INSTRUCTIONS TO FOLLOW:
Lines from the one containing "Medium (20 pieces) WAVY Style" through the end of the listing are what is wanted, given again exactly with both ends included and pictures left out.
BEGIN INFORMATION PROVIDED
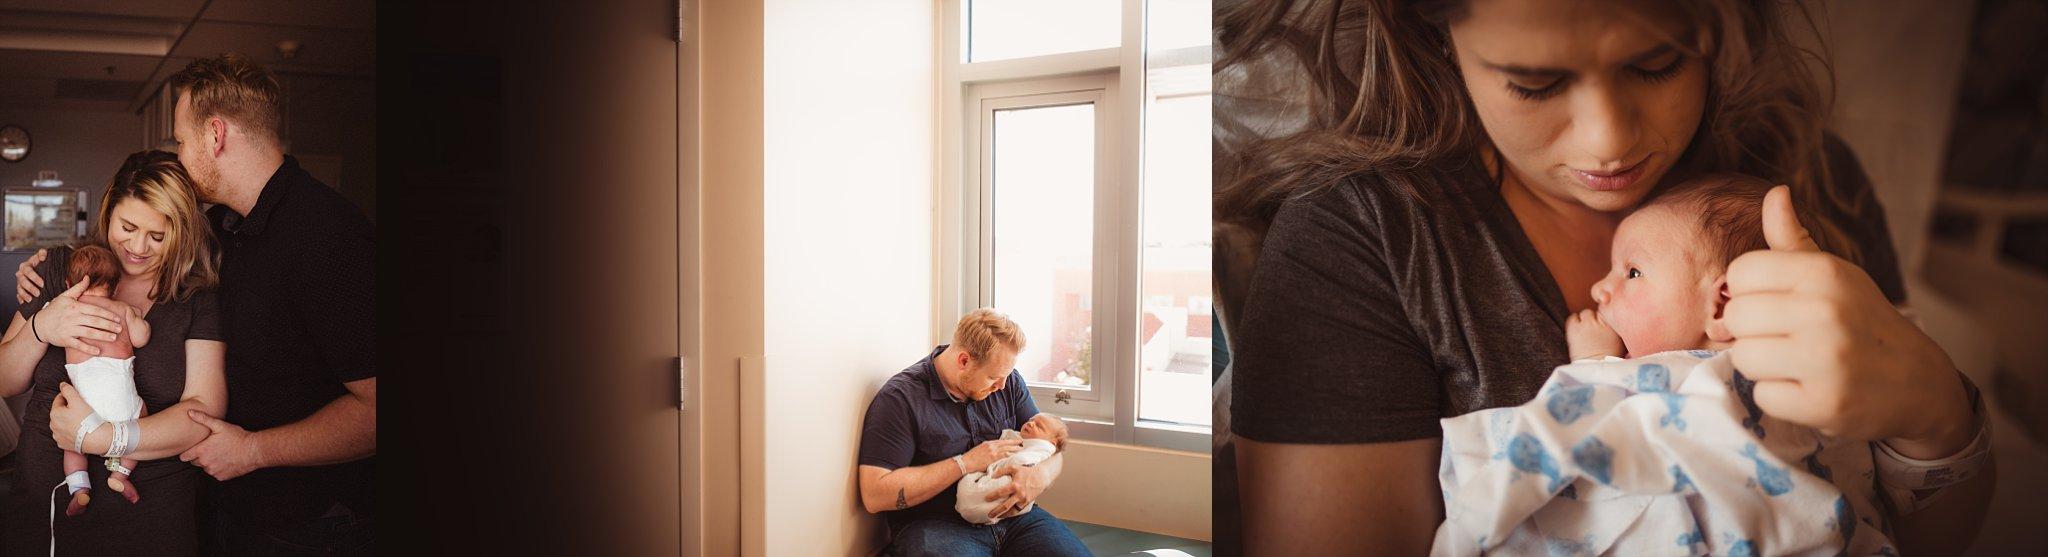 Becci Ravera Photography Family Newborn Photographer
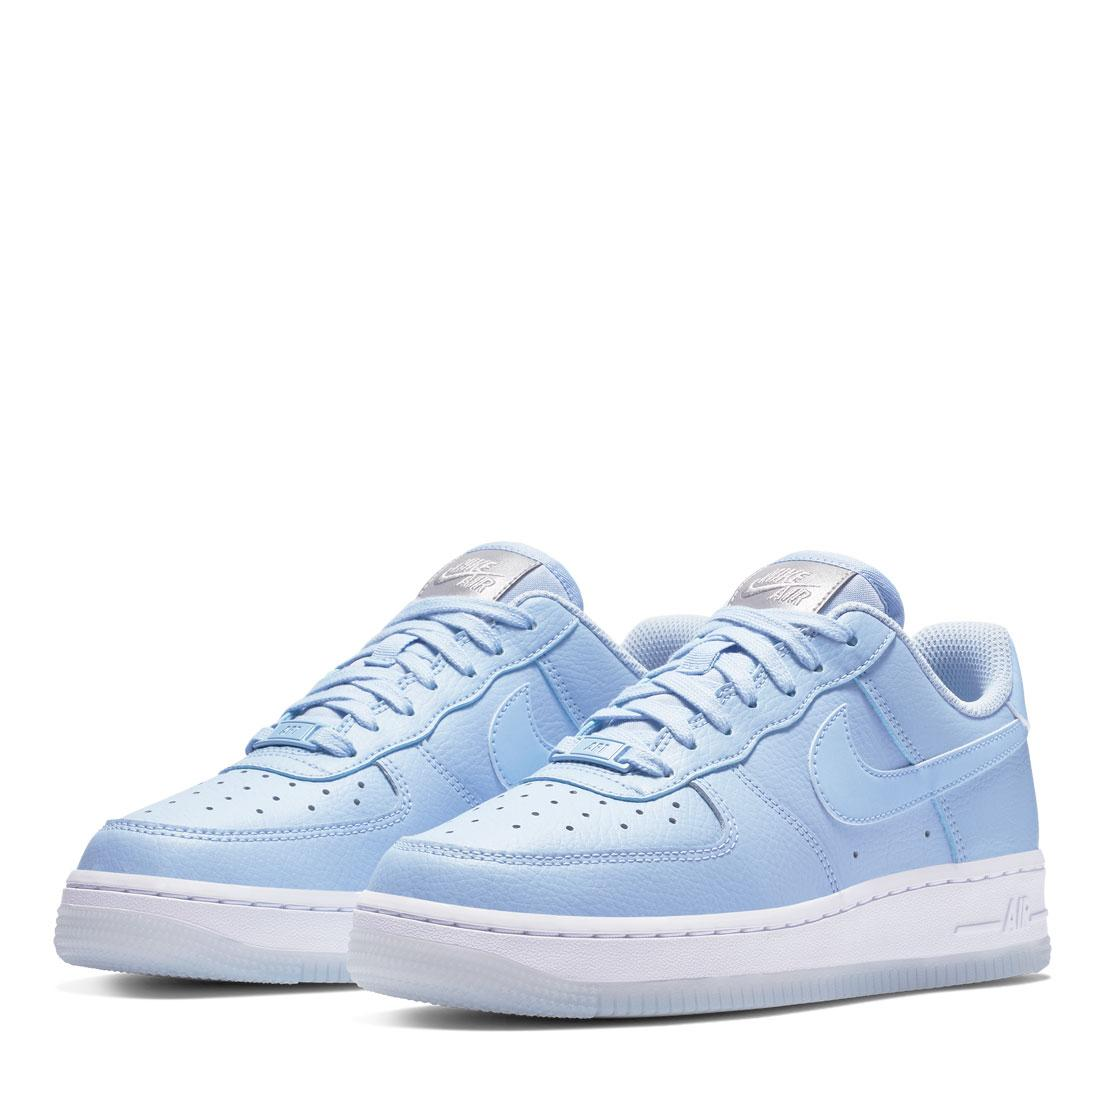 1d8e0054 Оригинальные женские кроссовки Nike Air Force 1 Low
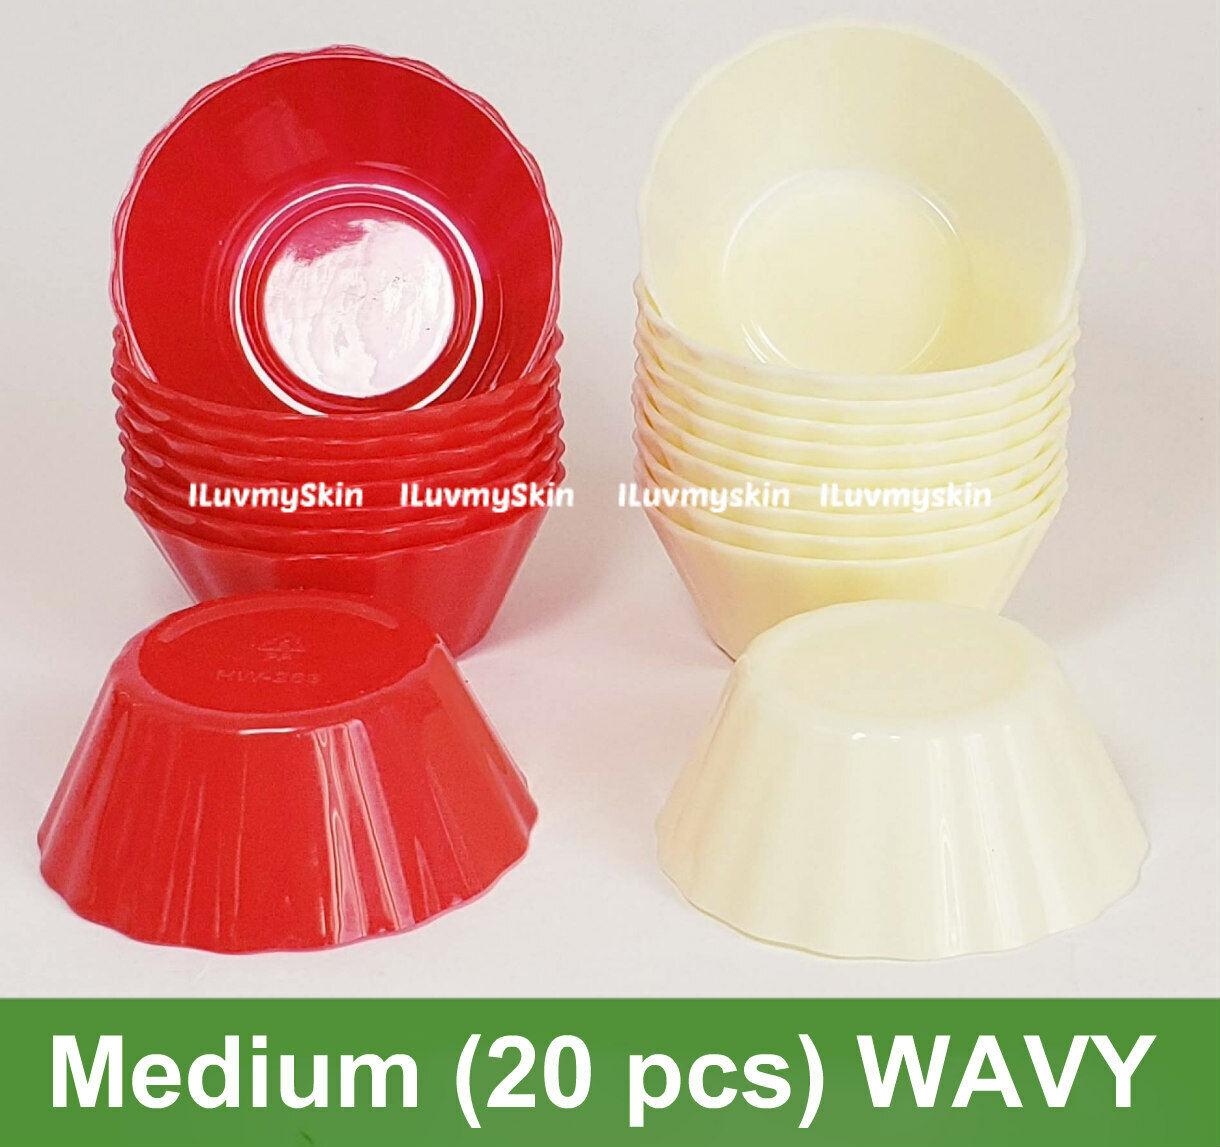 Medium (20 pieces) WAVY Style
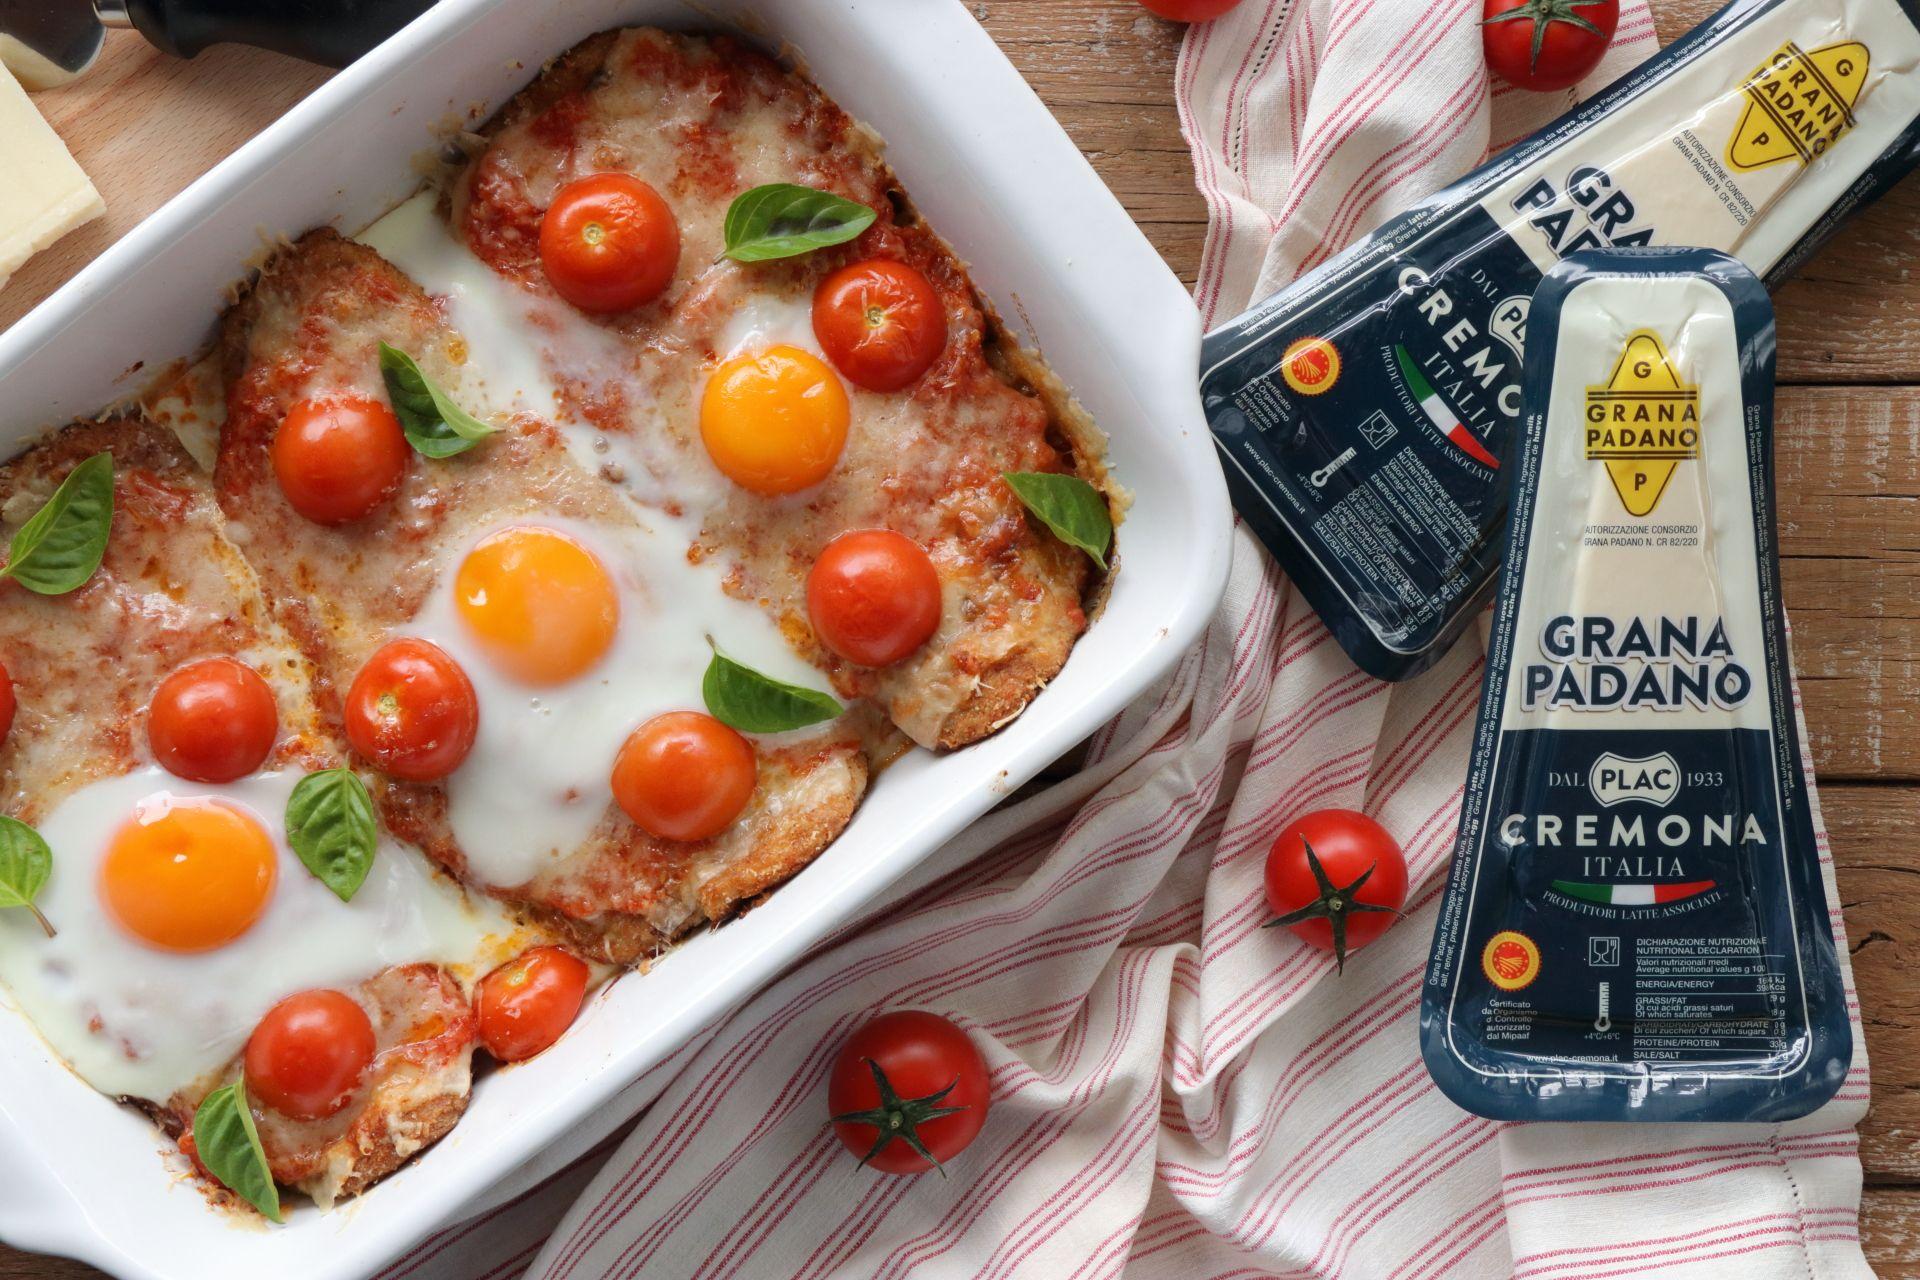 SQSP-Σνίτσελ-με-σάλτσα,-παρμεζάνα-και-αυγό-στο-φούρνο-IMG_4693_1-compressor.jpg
END INFORMATION PROVIDED
TASK RESPONSE:
 Medium (20 pieces) WAVY Style
 SQSP-Σνίτσελ-με-σάλτσα,-παρμεζάνα-και-αυγό-στο-φούρνο-IMG_4693_1-compressor.jpg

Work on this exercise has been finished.